Monica sits on the curb in front of her house, a chair in her bedroom and the on the roof of her second-story house. Her boyfriend walks down the sidewalk, glancing over his shoulder, gazing up at her window.
They sit together on the couch. He waits for her to say something. She taps her fingers against her arm, her lips pursed. He gets up from the couch. Her boyfriend carries a large box and hands it to her father.
She sits on the stairs, leading to her room, her head down.
A camera is set up on an old drawer on the driveway. She puts her arm on his shoulder while he holds a paintbrush. and points. She takes the photo from him and he looks over her shoulder at it. He shakes his head and they take more pictures. From the backseat, she helps her steer the wheel while teaching him how to drive.
She sits at the dining table, her finger on her temple. He looks at her one more time as he opens the door.
They run up to her room after taking photos. She stares at her birthday cake and blows out the candles.
An hour later, he runs back to her house and notices that she’s still sitting on the second-story roof. He walks inside and leans over her window, hugging her. She smiles, her first genuine one for the day.
Monica didn’t think she passed the biology test on Friday. Her boyfriend quizzed her for most of the week. However, she doesn’t want to go to class on Monday and see the F. Her parents tried to cheer up on Saturday, singing “Happy Birthday” to her. She smiled and went back to her room.
Her boyfriend came over to help paint the house with her.
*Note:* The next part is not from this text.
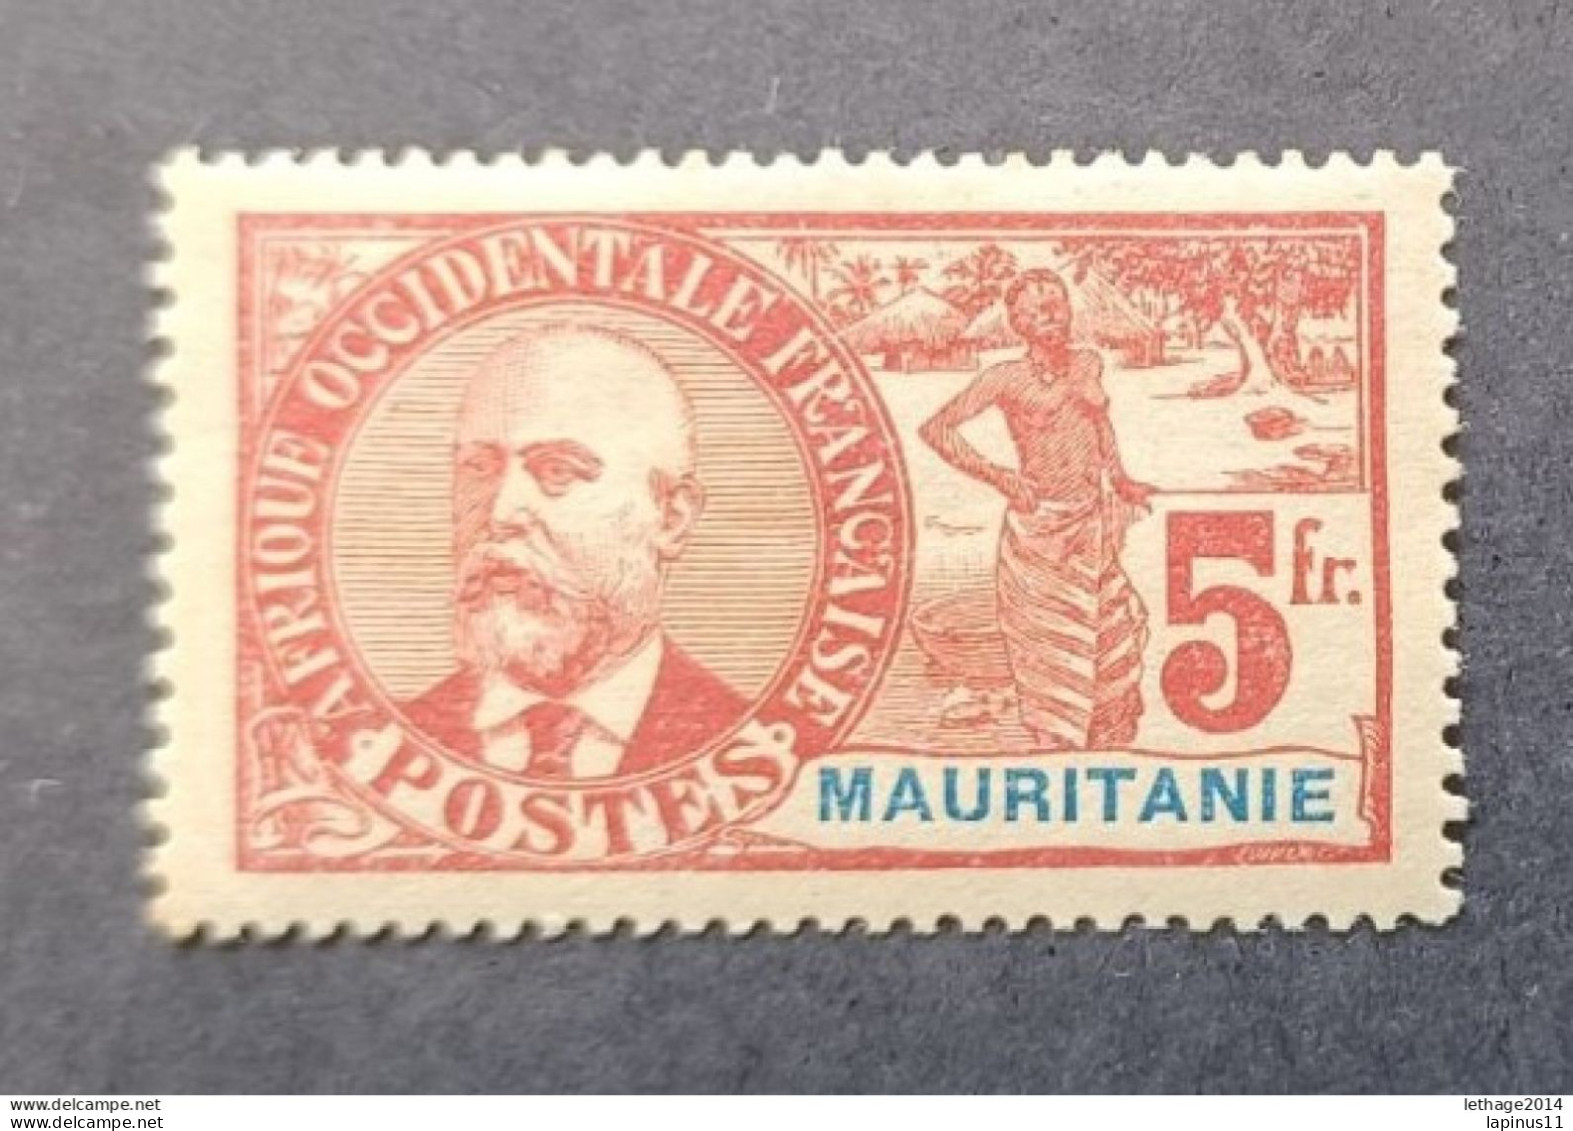 COLONIE FRANCE MAURITANIE 1906 GOUVERNEUR GENERAL NOEL EUGENE BALLAY MAURITANIE EN ROUGE CAT YVERT N 16 MNHL VERY RARE - Unused Stamps
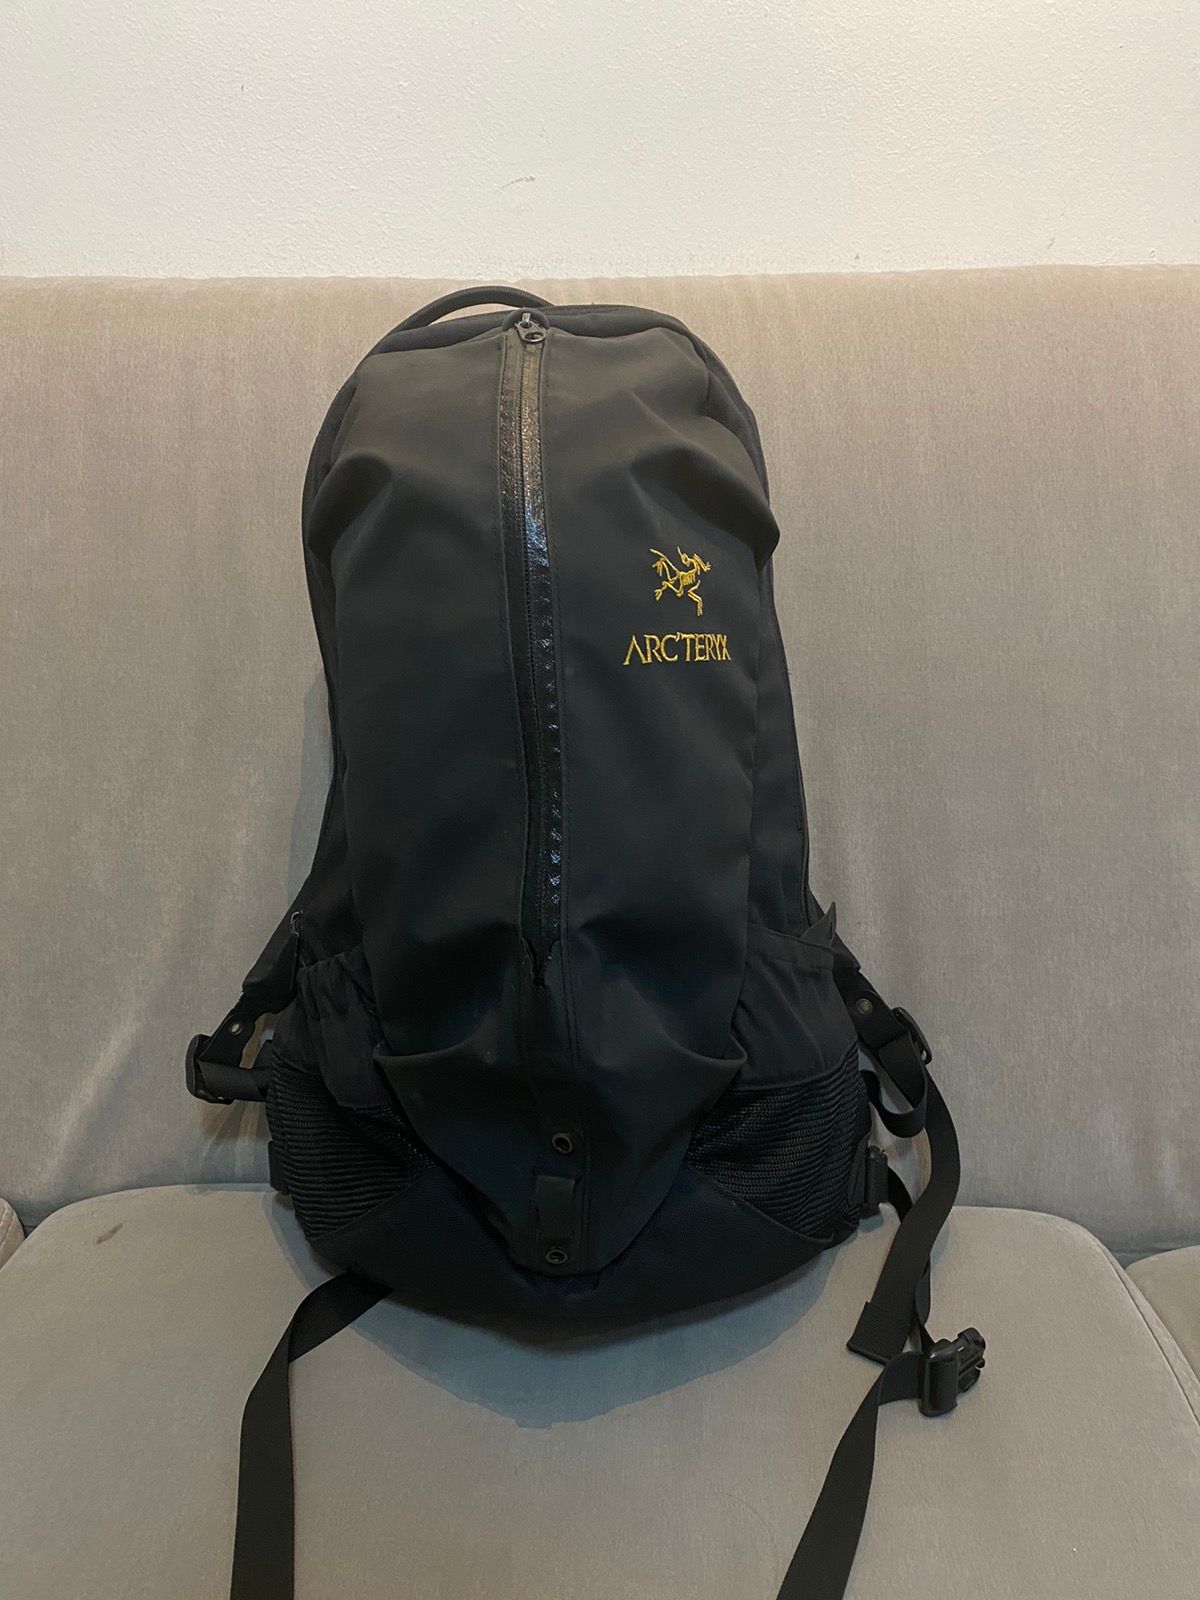 Arc'teryx Mantis 20 Backpack, Black Sapphire, Size Os

He asked her what was wrong. She snapped at him and refused to talk to him. He sat with her, waiting for her to calm down and tell him what’s on her mind. Finally, after two hours of silence, he wished her “Happy Birthday” again and left.
It was good to have him around. However, he brought up the test after painting. She didn’t want to talk about school. She had finally forgotten about it and he reminded her. She put the cake he brought her in the fridge and decided to sit on the roof for a while.
He comes back later and hugs her. She laughs, grateful that he knew she needed to be alone and didn’t really mean what she said. Her moods don’t scare him anymore. She thinks he became numb to them sometime around fifth grade. He’s been her best friend since kindergarten and she knows he always will be.